Add Error Handling to uabrc_check_hw_context_switch_rate Curl Command
The existing check will undrain an unhealthy drained node in the case where curl
can't reach the Prometheus server / metrics are missing from the current interval (node_exporter not running?).
In this scenario, it will return 0
when it fails because the curl
output is piped to jq
which succeeds. Here's an example showing $?
is 0
on a failure
$ curl -fs --data-urlencode 'query=irate(node_context_switches_total{job="compute-node",name="c0236"}[1m])' http://nagios.rc.uab.edu:9090/api/v1/query | jq -r '.data.result[] | .value[1]'
$ echo $?
0
HW_CONTEXT_SWITCH_RATE
gets set to 0, which then causes the FAIL
code to be skipped, i.e. the node passed the health check, which ultimately causes NHC to undrain the node.
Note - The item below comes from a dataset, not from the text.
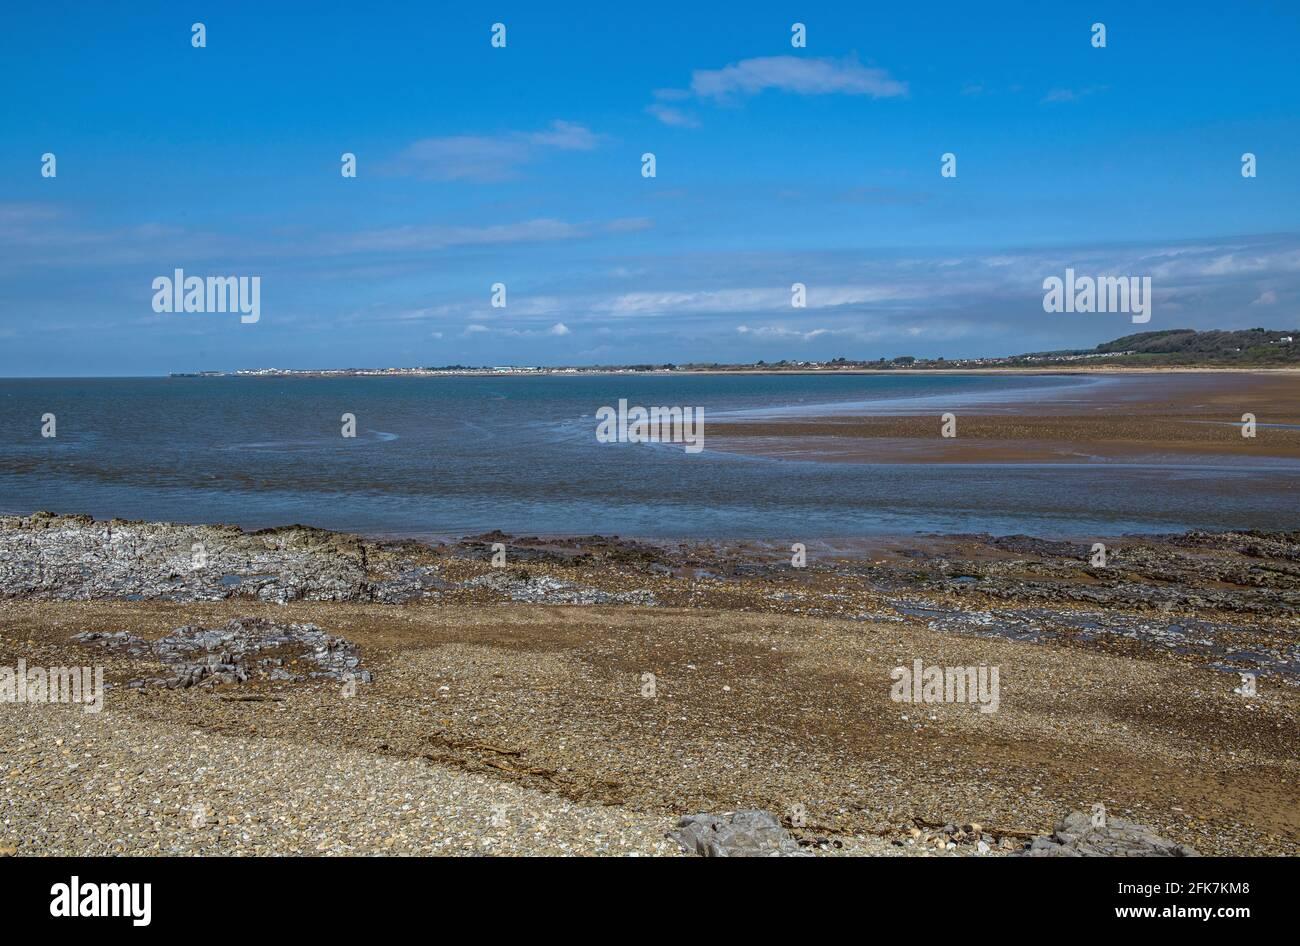 El estuario del río Ogmore, o Afon ogwr, donde se vacía y se llena del canal de Bristol en Ogmore por el mar de Gales del Sur Foto de stock

HW_CONTEXT_SWITCH_RATE=$(curl -fs --data-urlencode "query=irate(node_context_switches_total{job=\"compute-node\",name=\"$NODENAME\"}[$HW_CONTEXT_SWITCH_INTERVAL])" http://nagios.rc.uab.edu:9090/api/v1/query | jq -r '.data.result[] | .value[1]')
if [[ $((HW_CONTEXT_SWITCH_RATE)) -gt $CONTEXT_SWITCH_RATE_MAX ]]; then
die 1 "$FUNCNAME: Total Context Switches ($HW_CONTEXT_SWITCH_RATE) greater than maximum allowed ($CONTEXT_SWITCH_RATE_MAX)
return 1
fi